Closed jiyue1214 closed 2 years ago

jiyue1214 commented 2 years ago

Hi, Could I ask for suggestions on how to include child trait data in my search result of an EFO term via API?

Here is an example of how I retrieve studies of an EFO term via API:

Screenshot 2022-05-03 at 12 55 34

The search result using API contains 16 studies. However, the GWAS catalog UI search result for the same EFO term contains 99 studies because the UI search result includes child trait data.

Screenshot 2022-05-03 at 12 55 45

Could I ask for help on how to get API's search results consistent with the UI's?

Cheers, Yue

ramiromagno commented 2 years ago

Hi @jiyue1214,

Not quite addressing your question directly, but it might be useful for you to see how I am doing it from R with the https://github.com/ramiromagno/gwasrapidd package.

Essentially, I get the children terms for "EFO_0004327" with get_child_efo(), which is using the https://www.ebi.ac.uk/ols/api/ontologies/efo API, and then I search for GWA studies with get_studies().

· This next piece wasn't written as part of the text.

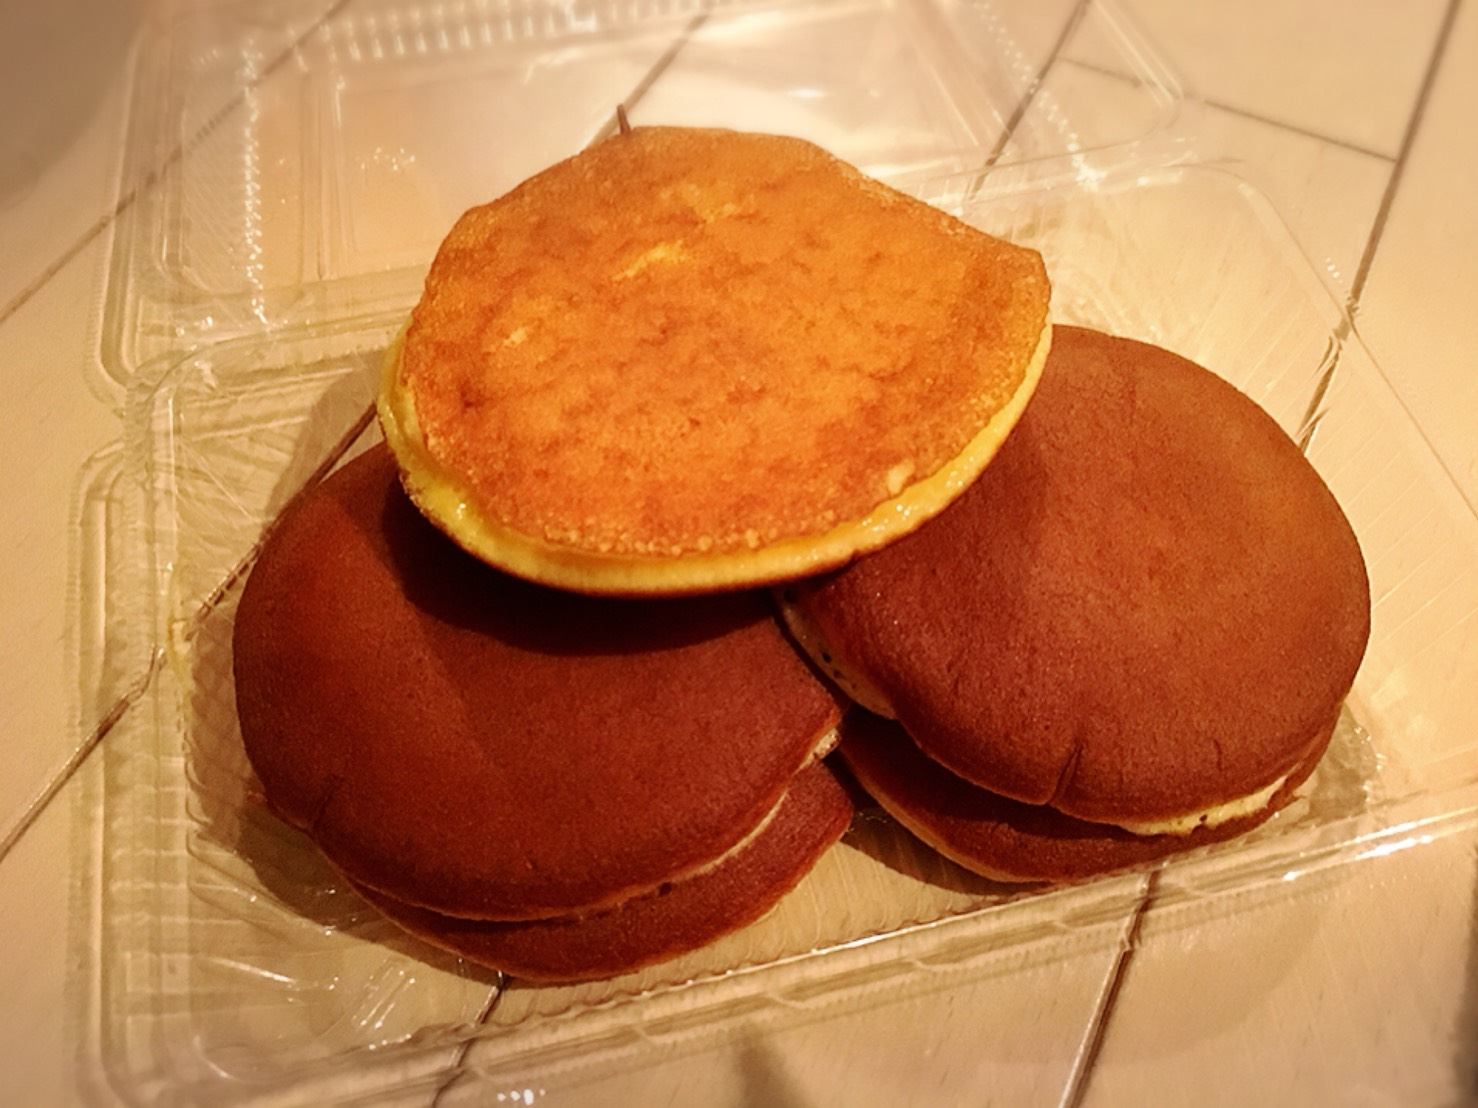 【大塚駅】もなか屋さん「千成もなか本舗」の200円のパンケーキの中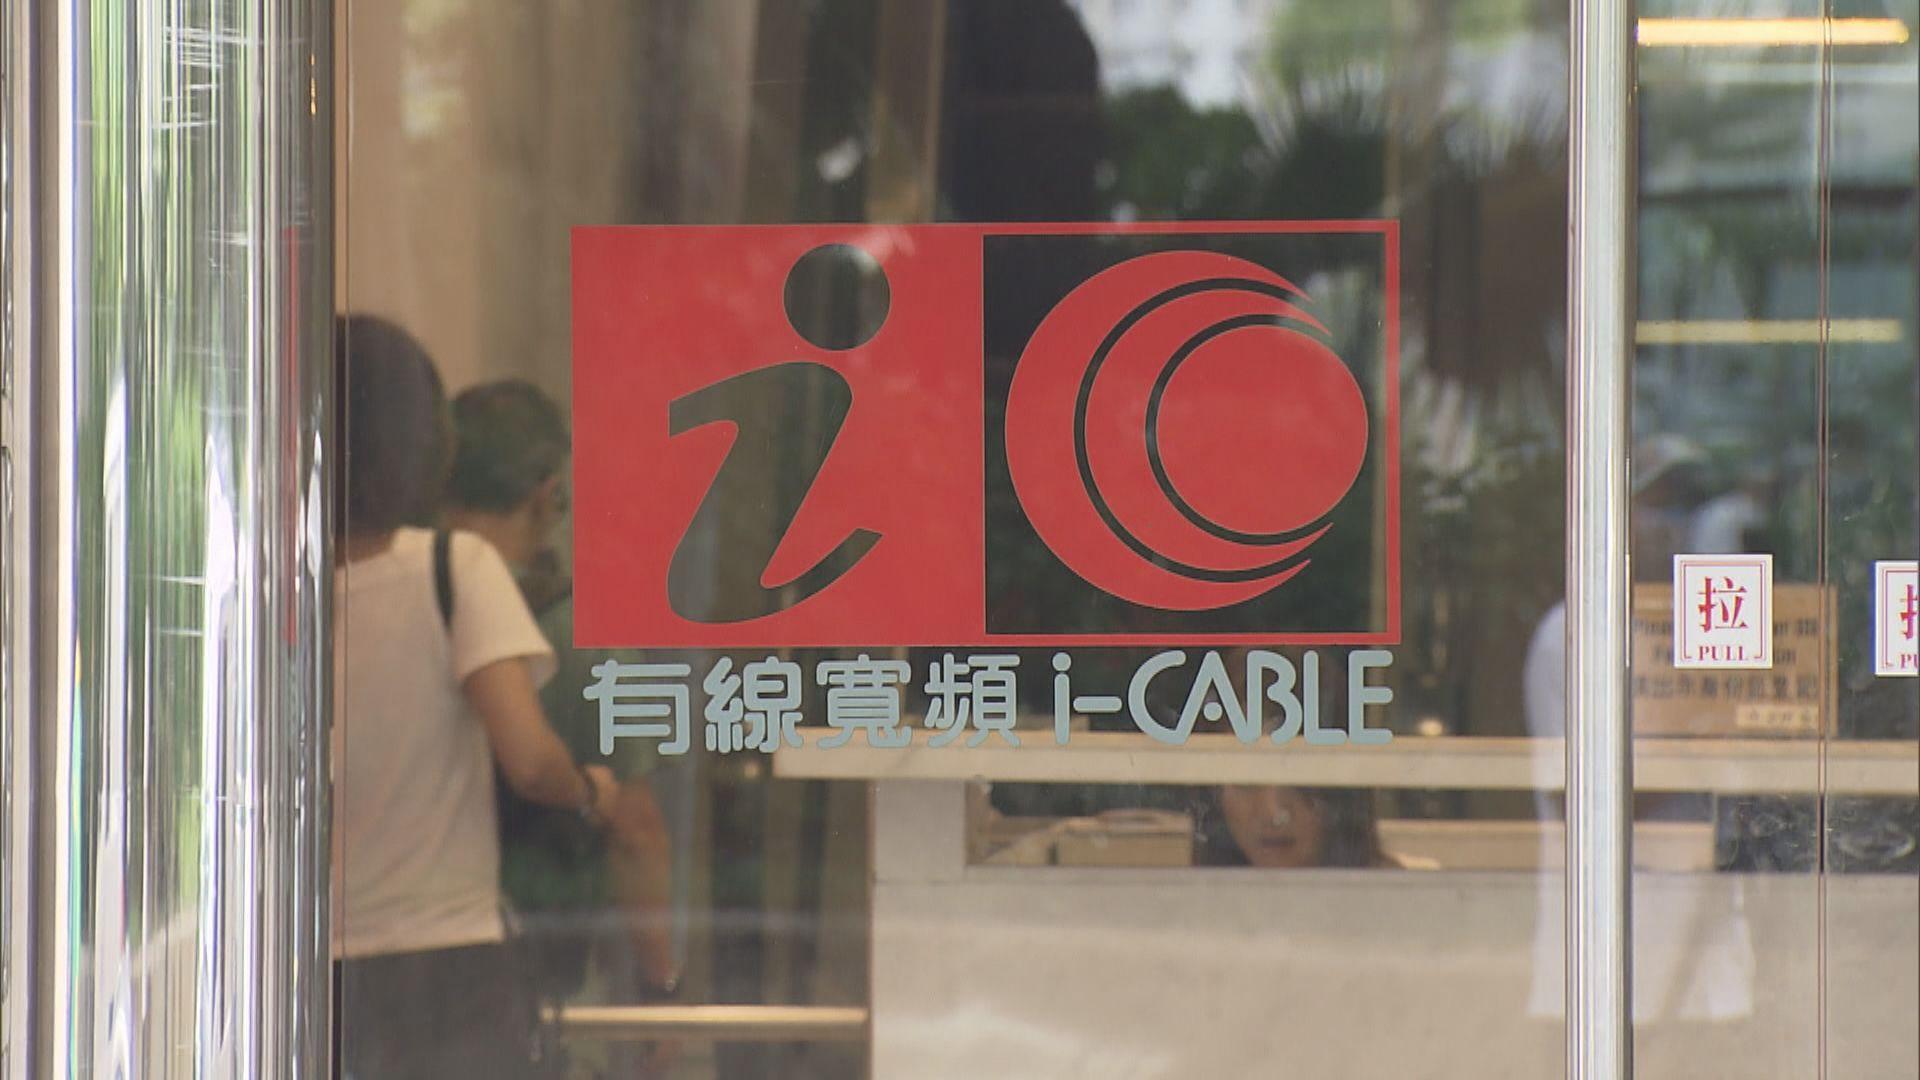 有線新聞約200人聯署對三名工程人員遭解僱表示憤怒

You will get some warnings about missing terms, just means that in the GWAS Catalog those terms have never showed up, but are nevertheless children terms of "electrocardiography".

library(gwasrapidd)

efo_trait_of_interest <- 'EFO_0004327'
efo_children <- get_child_efo(efo_id = efo_trait_of_interest)
efo_children <- c(efo_trait_of_interest, efo_children[[efo_trait_of_interest]])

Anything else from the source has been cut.